– Хотел бы я знать, – вздохнул капитан, – высадил ли «Игль» свою команду на берег, так как едва ли он мог иным путем помочь осажденным.
– Конечно, бомбардировка с судна могла бы одинаково повредить и своим и врагам.
– Мне кажется, все время ветер был для него противный и ему приходилось лавировать, так что ему пришлось пробыть в пути несколько лишних дней, – заметил лейтенант.
– Но не надо прежде времени унывать, – заключил капитан. – Нужно во что бы то ди стало докончить наши понтоны к завтрашнему рассвету.
Все пошли на работу, между тем как в нескольких шагах от их палаток в становище дикарей Прыгун бегал взад и вперед словно в горячечном бреду. Крупные капли пота покрыли все его тело, глаза помутились, он непрерывно бормотал что-то про себя. По временам он падал в страшных корчах на землю и после каждого подобного приступа судорог, видимо, ослабевал все больше и больше. Но никто из соплеменников не оказывал ему никакой помощи. Капитан Ловэлль послал было к нему солдат с тем, чтобы они накормили и напоили его, но он отказался. К полудню он. обессилел до такой степени, что уже не мог подняться.
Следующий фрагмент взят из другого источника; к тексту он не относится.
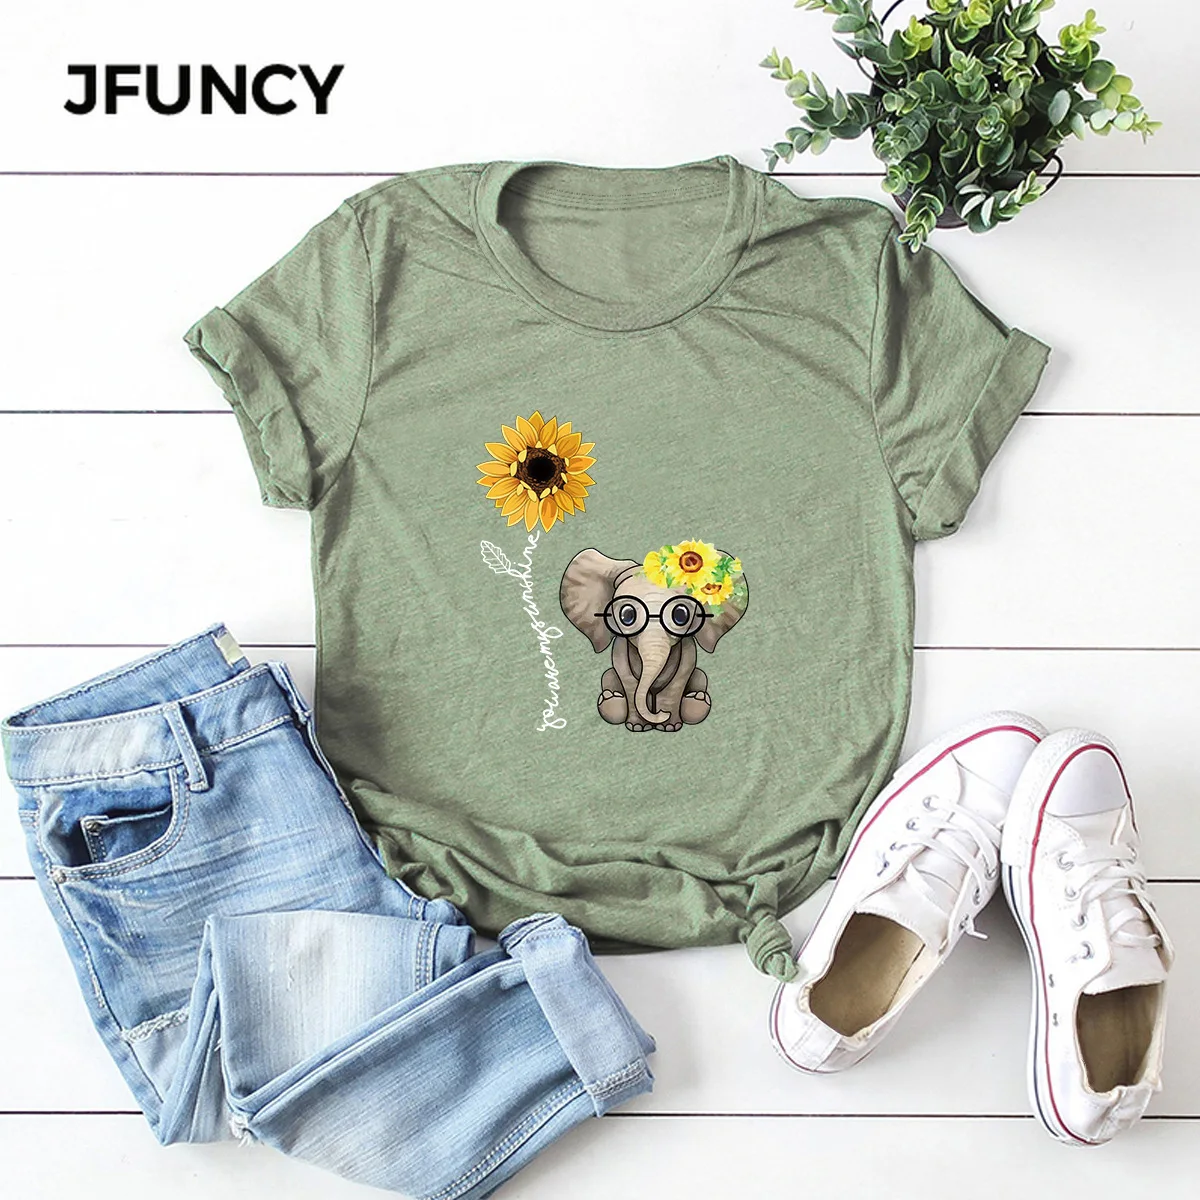 JFUNCY  Female Tshirt 100%Cotton T Shirts Women Short Sleeve Tees Summer Loose T-Shirt New Cute Elephant Print Tops

Клетка с двуутробкой отвязалась, но он и не заметил этого. Между тем двуутробка усердно перегрызала тоненькие прутики своей темницы.
Спустя несколько часов полной неподвижности, Прыгун в последний раз приподнял голову и осмотрелся. Лицо его было совершенно серое, обезображенное, губы не закрывались, оскаленные зубы страшно белели. Угасающий взор его обратился к ивовой клетке и о ужас! – двуутробки в ней уже не было. Она перегрызла прутья и убежала.
Несчастный вскинул руками, глаза его закатились и он упал, ничком в траву.
– Умер! – воскликнул Аскот, все время за ним наблюдавший. – Живой человек не в состоянии так долго оставаться в подобной позе!
– Да, он умер!.. Бедный Прыгун, жертва бессмысленнейшего суеверия!
– Вот подходят его темнокожие земляки и осматривают его труп. Очевидно, пуингурру, погубив свою жертву, теряет всякую силу.
– Они разбивают его своими дубинами, теперь-то они очень храбро действуют!
К месту, где лежал труп, собралось все племя от мала до велика. Одни посыпали, песком осколки пуингурру, другие выли и расцарапывали себе до крови лицо и вее тело. Кровь, струившуюся из глубоких царапин, они размазывали по всему телу.
Четверо человек сплели из веток виркатти, нечто вроде носилок, уложили на него тело умершего и понесли его по всему лагерю. Минтана шел рядом и ежеминутно останавливал процессию, как бы прислушиваясь: очевидно, он спрашивал о чем-то душу умершего и ожидал её ответа.